Copy the data that follows, character for character, minus the pictures.

Recorded information:

^^^^

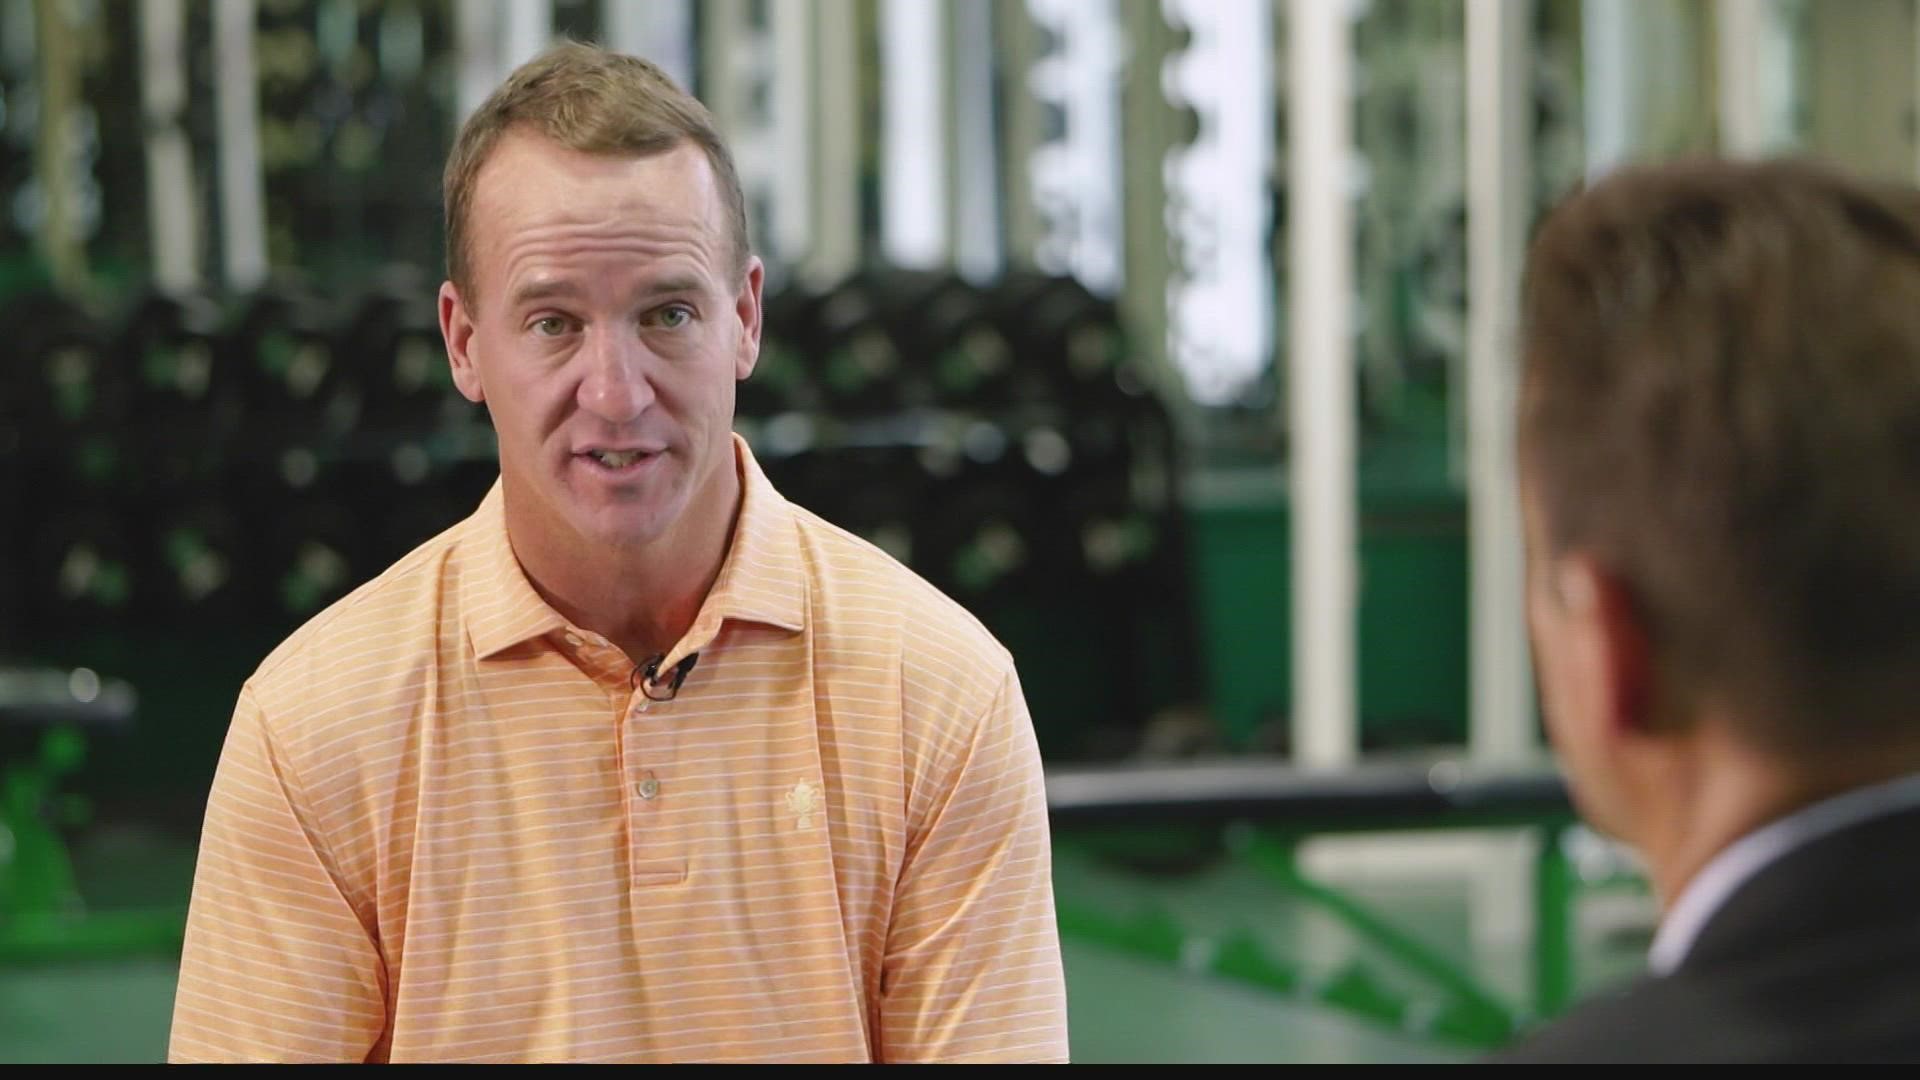 Peyton told 13News Sports Director Dave Calabro that he looks forward to being reunited with some of his old teammates in Canton.
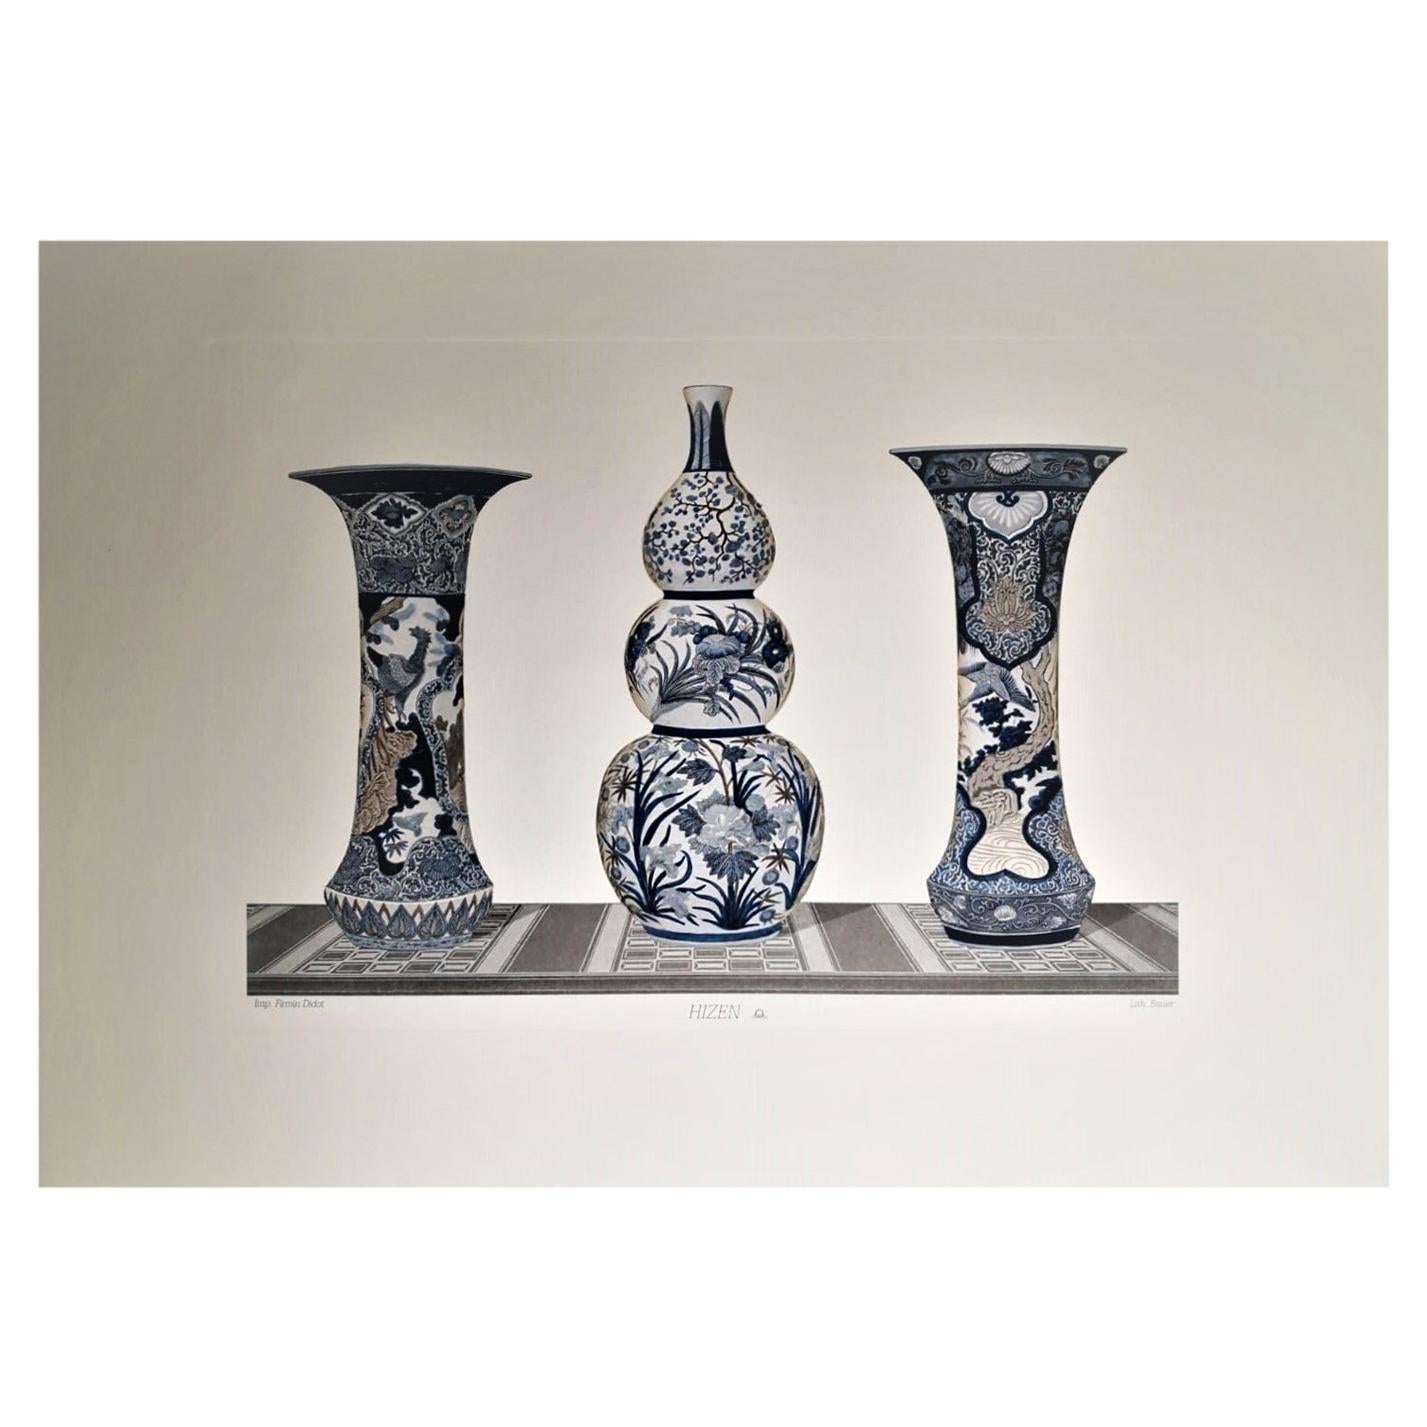 Italian Blue Grey and White Hand Painted Japanese "HIZEN" Vases Print For Sale
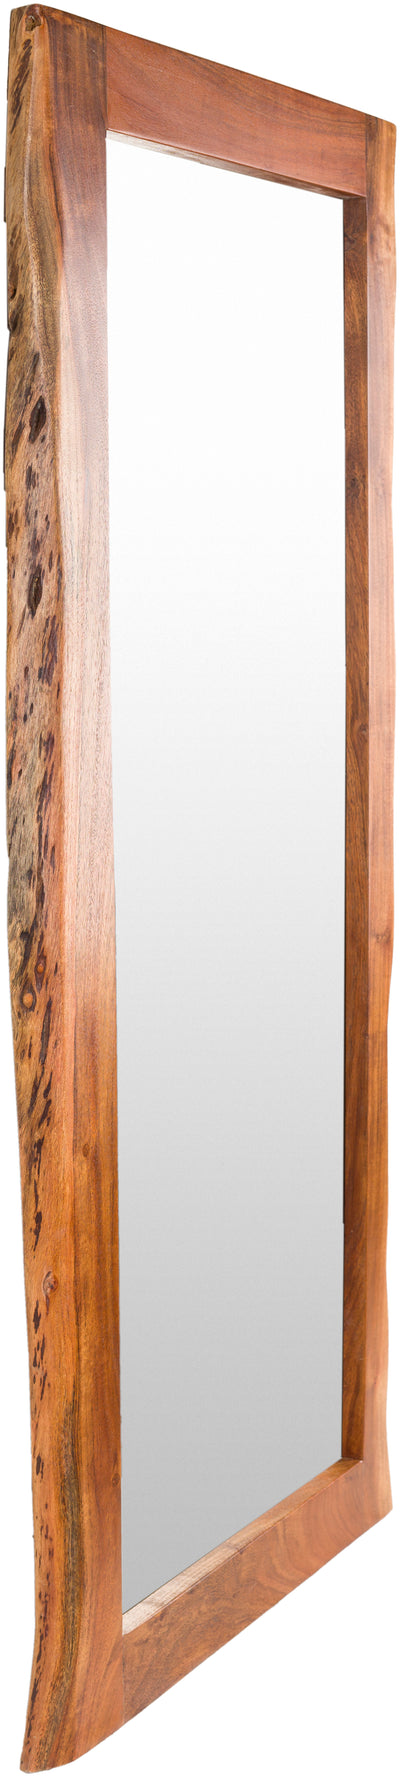 product image for Edge DGE-101 Tall Rectangular Mirror by Surya 35

^^^^

Task response:
 Peyton told 13News Sports Director Dave Calabro that he looks forward to being reunited with some of his old teammates in Canton.
 Italian Blue Grey and White Hand Painted Japanese "HIZEN" Vases Print For Sale
 product image for Edge DGE-101 Tall Rectangular Mirror by Surya 35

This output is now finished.